Assume the system call entry instruction SYS is defined in the ISA as a non-privileged instruction that follows the same trap behavior as described in the Popek/Goldberg paper (the PSW consists of PC, mode, and relocation register):

Store PSW into memory using physical address 0

Load PSW from memory using physical address 1

Assume that a return from syscall (RETSYS) is a privileged instruction that traps if in user mode, or loads the PSW from memory address 0 if in supervisor mode. Also, assume that all VMMs use address 2 to store the PSW of the virtual CPU of the VM they manage, and that all VMMs and kernel use a starting address 3 for their trap handler routine.

1) Determine the initial-condition contents stored in all physical memory/register locations with question marks in Figure 1, at the point when a SYS instruction is issued by the application running on VM2. If a value cannot be determined, represent it with an x. Assume the initial value of the physical PC is 100 (note that all memory references are relative to the relocation register RR).

2) Describe step-by-step what takes place during emulation of SYS starting from this state from the time it is issued by App to the time the O/S kernel begins to execute.

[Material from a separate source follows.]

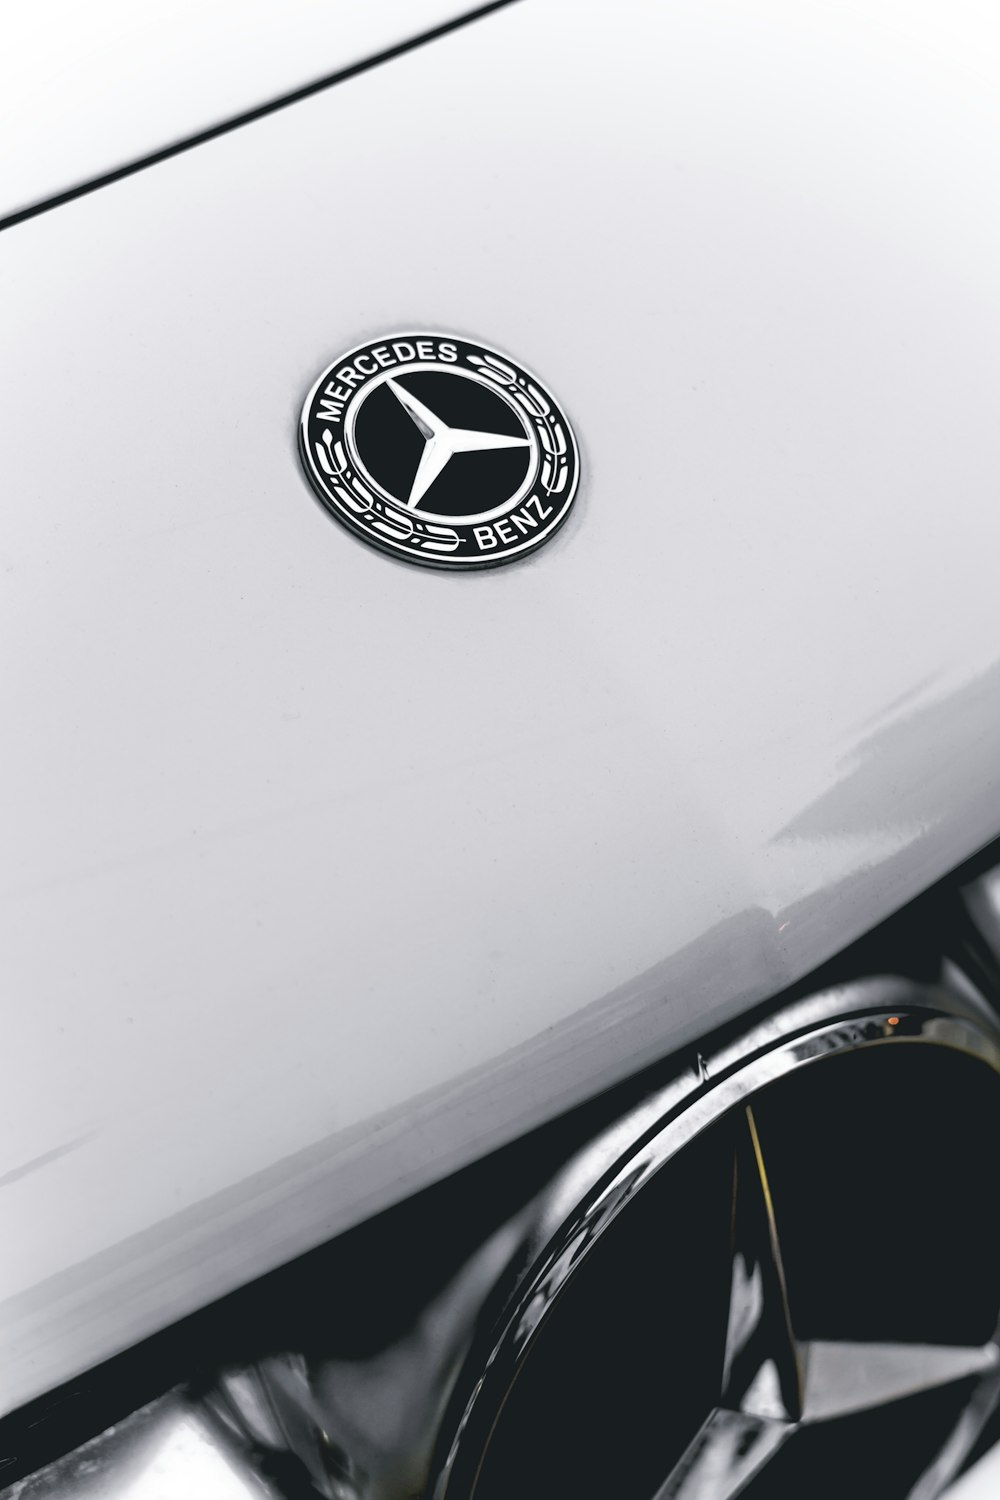 Un primer plano de un emblema de Mercedes en un coche

Begin by specifying the initial privileged state of the physical and virtual CPUs, then record any time there is a change in privilege mode of any physical/virtual CPU, or the physical PC, or relocation register RR. State any assumptions that you make and comment on what happens during the handling of each event at the different modules of the system. If a value cannot be determined, represent it with an x. Use the following format in your answer (Hint: the bookkeeping when following events can be tricky; it is recommended that you use Figure 1 as a template, work out step by step the state transitions, and record changes in the template given by Table 1):

Table 1: template for solution of question 2)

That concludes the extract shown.